Das Leiden nach der Geburt

DOI: https://doi.org/10.4414/saez.2023.22139
Veröffentlichung: 06.09.2023
Schweiz Ärzteztg. 2023;104(36):8-9

Adrian Ritter

Postpartale Depression Sie ist eine Gefahr für die Gesundheit von Eltern und Kind. Erstmals wurde jetzt in den USA eine Behandlung gegen postpartale Depression in Pillenform zugelassen. In der Schweiz liegt noch kein Antrag auf Zulassung vor.

Die US-Arzneimittelbehörde FDA hat dem Medikament Zurzuvae von Sage Therapeutics Anfang August die Zulassung erteilt [1]. Es ist das erste orale Medikament gegen postpartale Depression. Zurzuvae war in zwei randomisierten, doppelblinden, placebokontrollierten Multizenterstudien geprüft worden. Die Patientinnen in den Gruppen, die den Wirkstoff erhielten, zeigten dabei gemäss FDA eine signifikant stärkere Verbesserung der Symptome im Vergleich zu denjenigen in den Placebo-Gruppen.

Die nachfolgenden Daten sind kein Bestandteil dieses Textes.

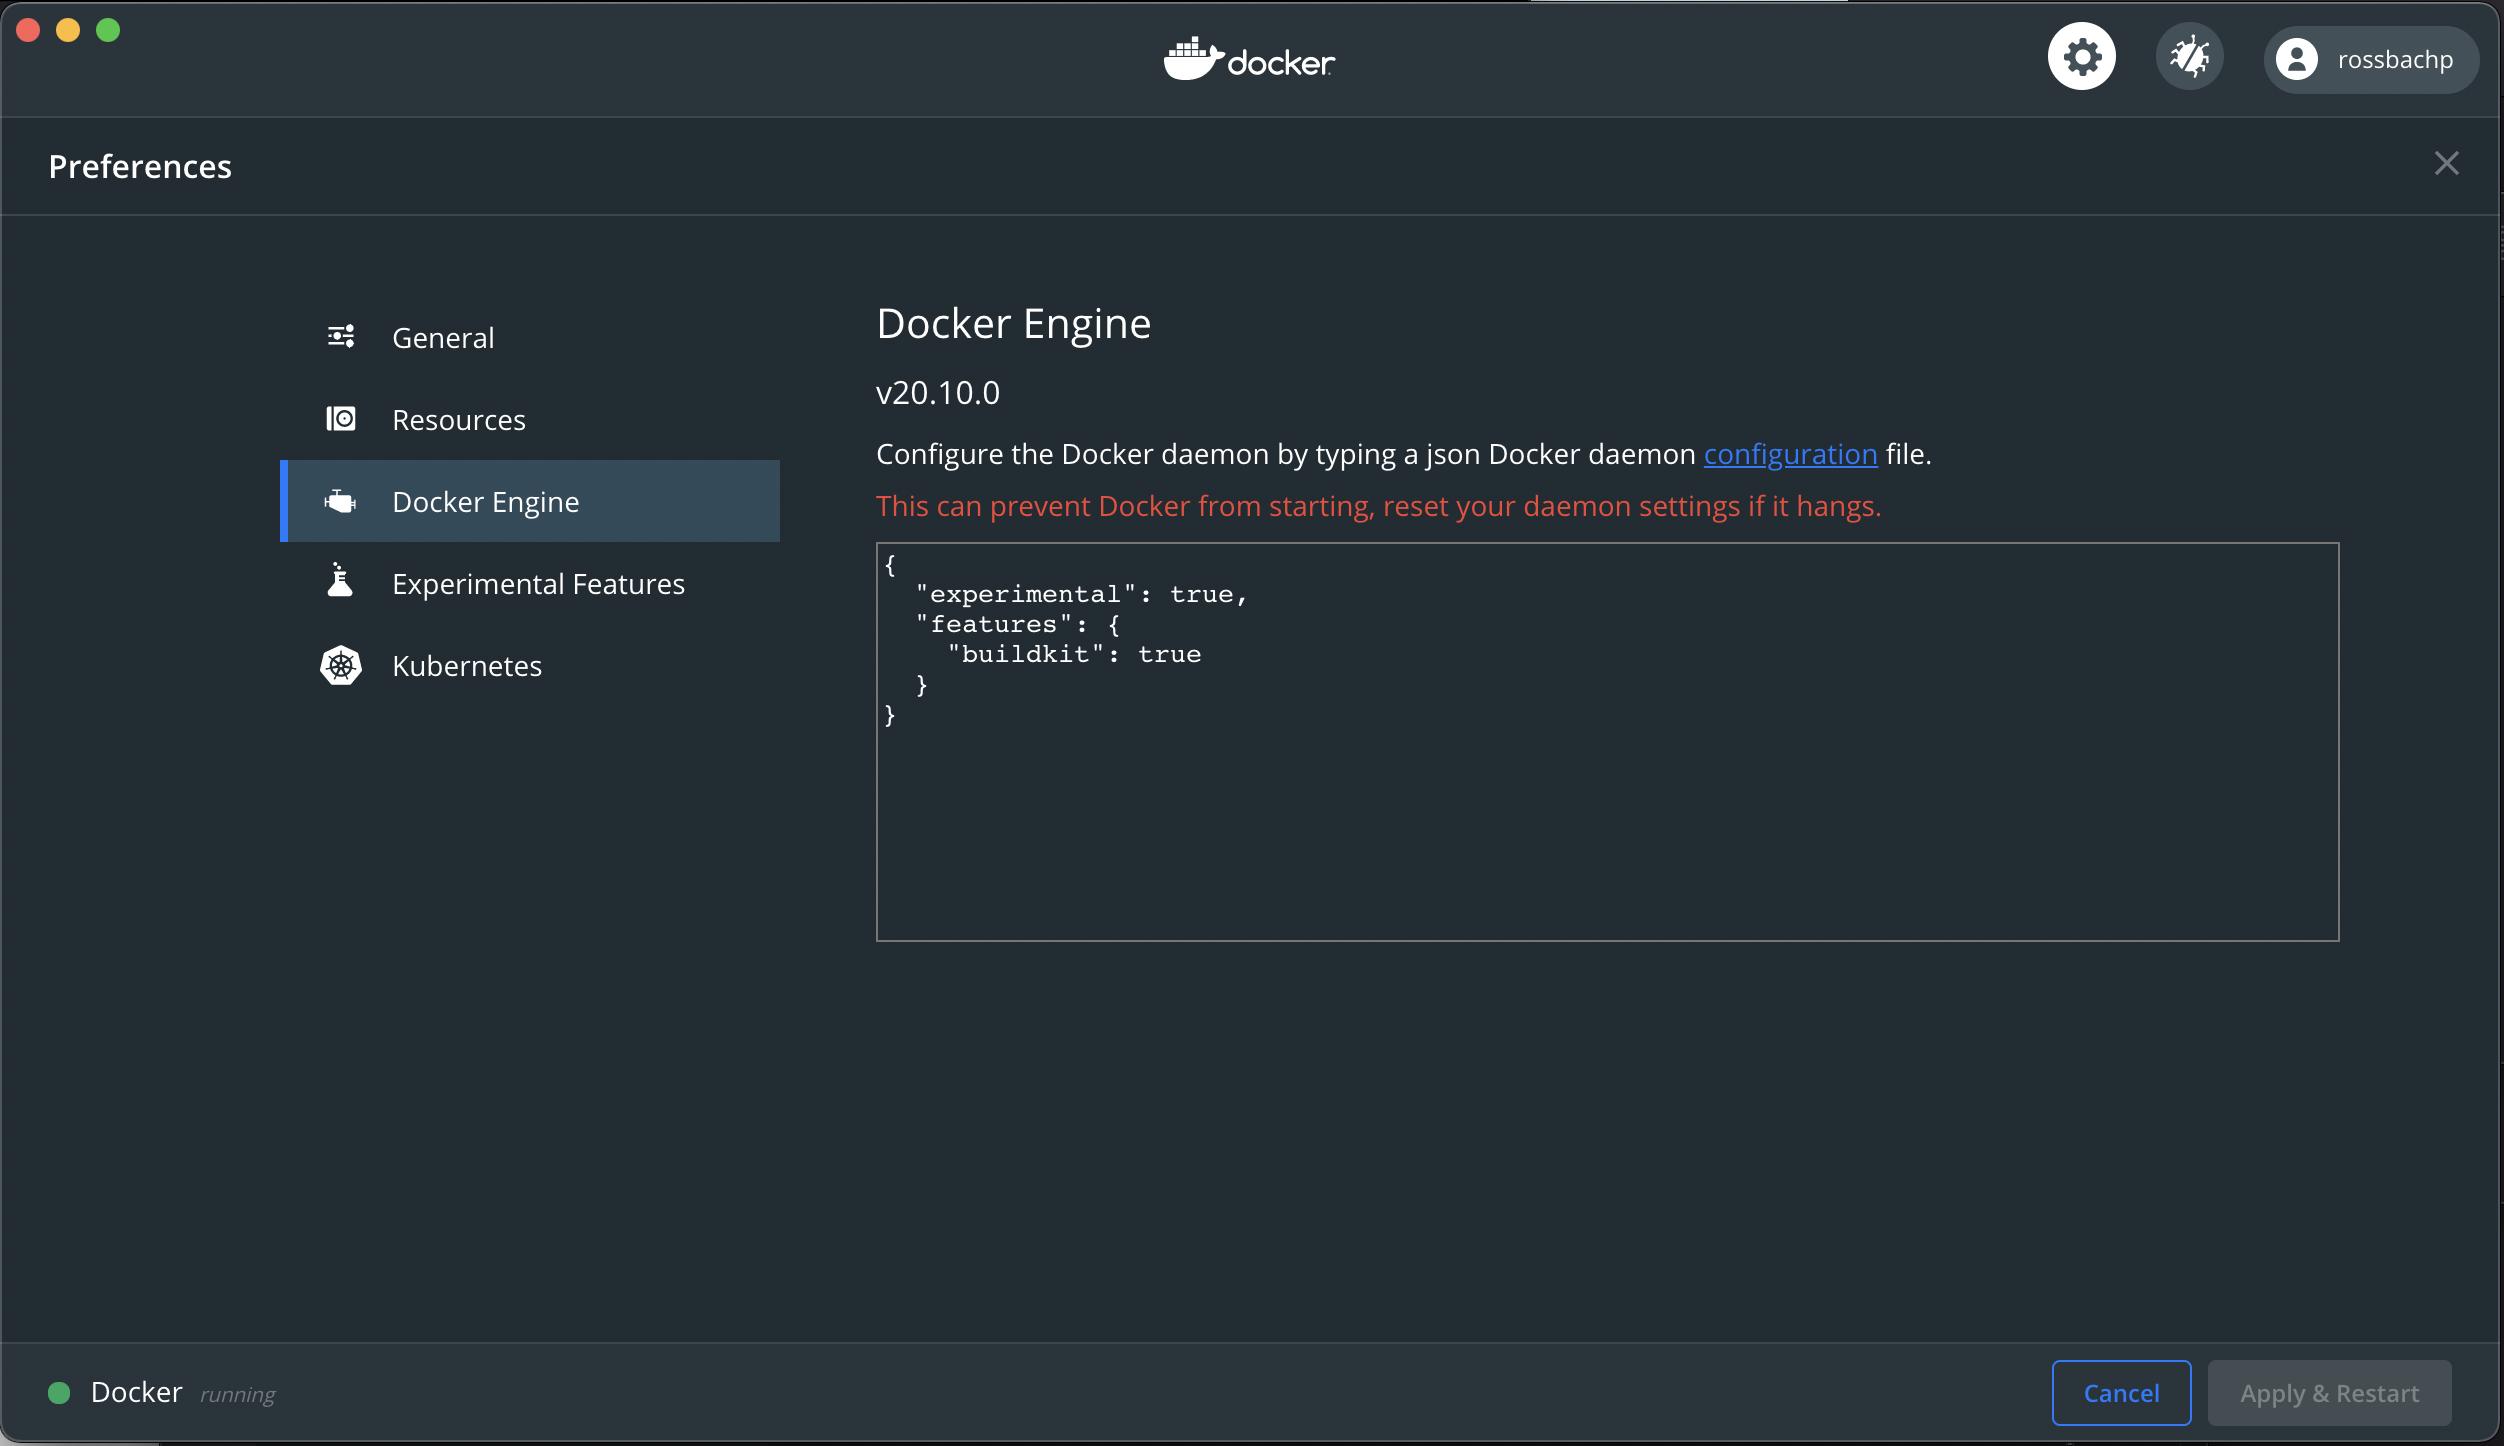 Docker for Desktop Preference

Das stösst auch in der Schweiz auf Interesse. «Es ist sehr wertvoll, dass nun ein orales Antidepressivum spezifisch für die postpartale Depression verfügbar ist», sagt Prof. Dr. med. Daniel Surbek, Chefarzt an der Universitätsklinik für Frauenheilkunde am Inselspital Bern und Präsident der Kommission Qualitätssicherung der Schweizerischen Gesellschaft für Gynäkologie und Geburtshilfe.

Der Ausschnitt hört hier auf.